The first standard to be proposed was the Open Grid Services Architecture[73, 74] (OGSA) in 2002. OGSA defines standard protocols and interfaces to manage resources as part of a Service Orientated Architecture (SOA). The aim is to promote interoperability and enable reuse and composition of services, by providing low level functionality that is common to many services.
OGSA extends the existing Web Services framework to provide functionality, such as discovery, creation, destruction and notification, which is required in a 'Grid Service'. Web Services are typically persistent and stateless something that may not be appropriate for a Grid Service. For example, imagine a service that reports on the status of a job. The service needs some concept of a state and the user doesn't want every other user to have access to their results. For this reason Grid Services can be dynamic, transient and stateful.
While OGSA defines the general architecture of a service based Grid, the Open Grid Services Infrastructure (OGSI) describes the 'plumbing' that would make this architecture possible. In 2004 OGSI was superceded by the Web Services Resource Framework (WSRF) which addressed many of the issues in OGSI.

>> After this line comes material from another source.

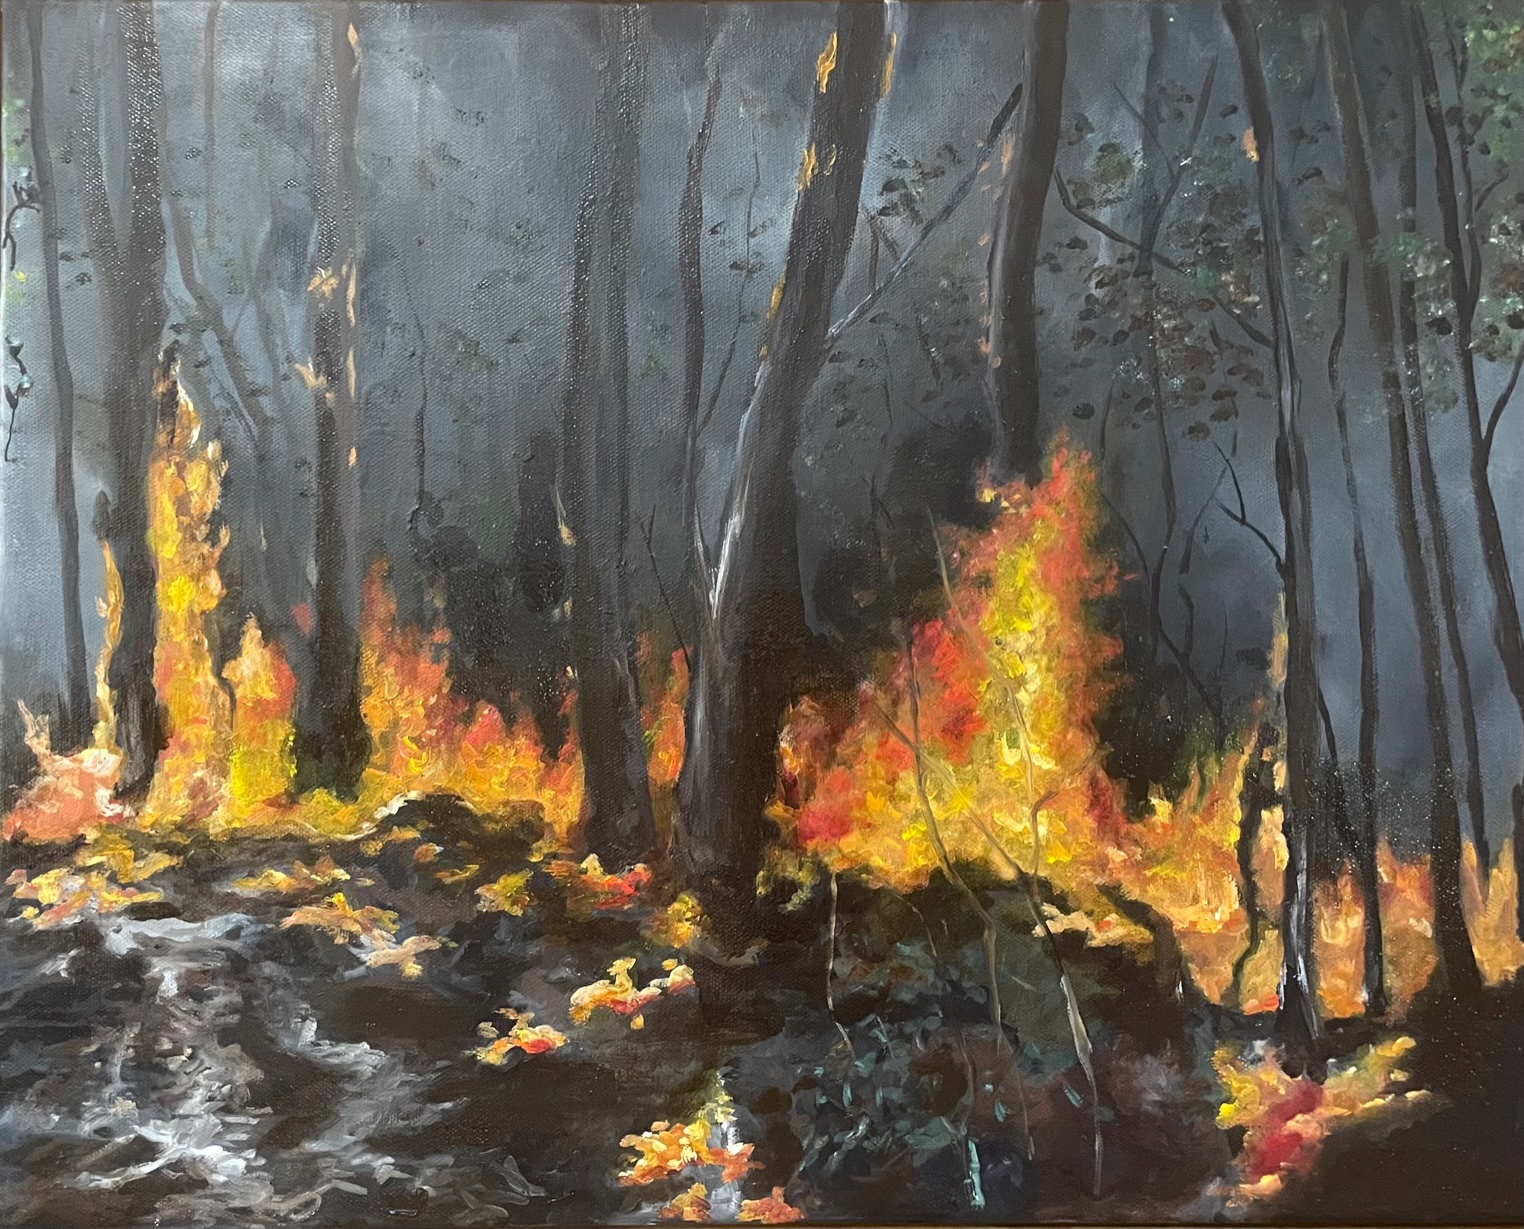 FROM ASHES TO ART: THE DANCE OF LIGHT AND DARKNESS KRISTY LYN OSSEWEYER

The Web Services Resource Framework (WSRF) has been designed to address the shortcomings of Web Services and the criticisms of OGSI; that it is too large and too different from traditional Web Services. The WSRF retains most of the functionality of OGSI, but it is repackaged and re-factored into a set of six complimentary standards more in line with existingWeb Service standards. In OGSI stateful service instances have service data, whereas in WSRF stateless services act upon stateful resources with certain properties. A WS-Resource is a named, typed element of service data, which is related to a specific Web Service. The WS-ResourceProperties specification defines methods for querying and updating these resources with the WS-ResourceLifetime specification detailing how the persistence of the service can be controlled. The remaining standards, WS-BaseFaults, WS-ServiceGroup, WS-BaseNotification and WS-BrokeredNotification, provide similar functionality to their OGSI counterparts.
The draft standard was proposed by the Globus Alliance, IBM and HP in January 2004 and was standardised by OASIS. Globus Toolkit 4 is a WSRF compliant implementation along with WSRF.NET, WSRF::Lite and Websphere.

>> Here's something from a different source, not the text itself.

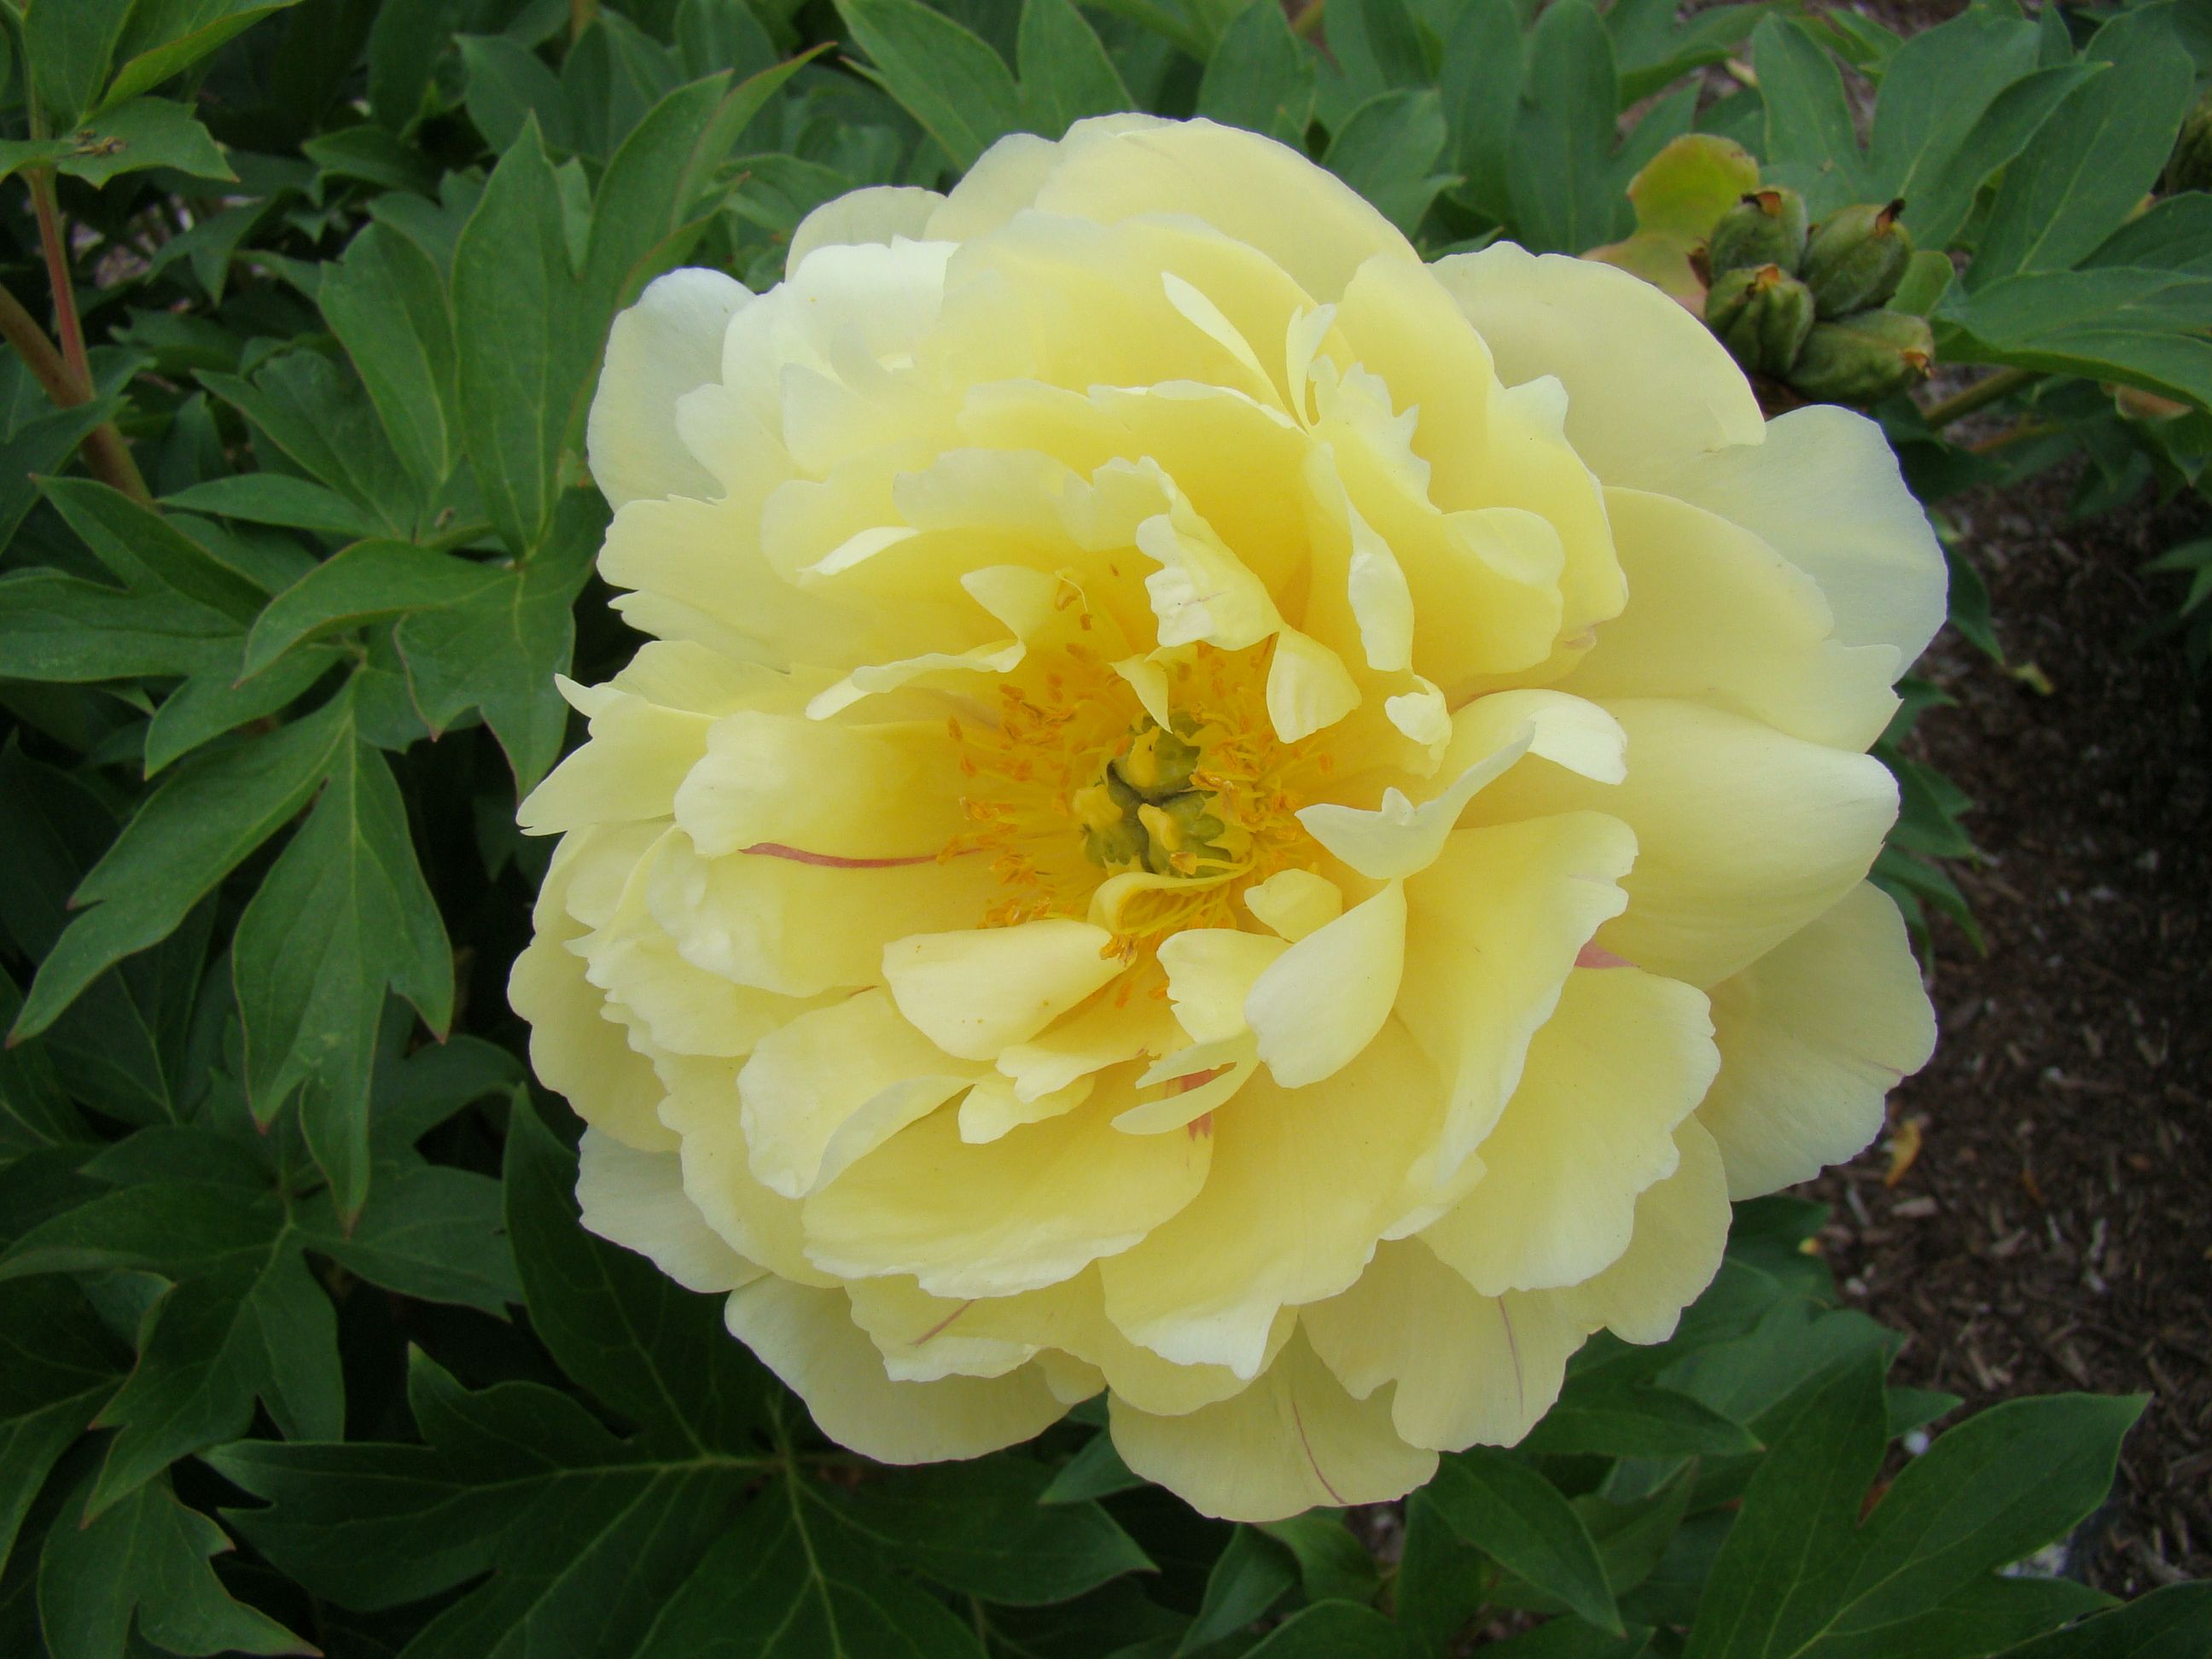 images/plants/paeonia/pae-golden-ticket/pae-golden-ticket-0001.JPG

In order to make the most of the resources provided in the Grid Fabric, a set of low level services, which perform commonly used operations, are required. This increases the security, performance and reliability of the Grid applications, while reducing the complexity for the developer. The four main areas of Grid Services are outlined in the following section, before a more detailed discussion of the middleware provided by different organisations.
Resources are the fundamental components of any Grid. Whether they are CPUs, storage, network or some form of scientific instrument, they need to be accessible across the Grid according to some policy. Resource management provides the applications and interfaces required to access and control these heterogeneous resources in a consistent manner.
The most common requirement is the management of computing resources. The WMS accepts jobs from the user and allocates them to resources. A Resource Broker (RB) will typically be used to match the users requirements to an advertised resource. The resources themselves are typically accessed through some form of CE which provides a bridge between the global WMS and the local resources. It will accept and execute jobs on its local infrastructure and report the current status of the jobs to some form of logging system. The CPU nodes that the CE represents are referred to as Worker Nodes (WN) and which may be a cluster in its own right or a looser distribution of workstations.
At every stage the global and local components will assess the credentials of the owner of the job, to ensure that they are eligible for access and to determine what, if any, priority they should be given.
Grids are dynamic systems where data, resources and users are transient. Users and services lack knowledge of the status and availability of services and methods of discovery and monitoring are required. Information such as the system load and location of data can be used by the WMS to allocate jobs. The provision of accurate and timely monitoring information makes identifying and diagnosing problems across the system possible.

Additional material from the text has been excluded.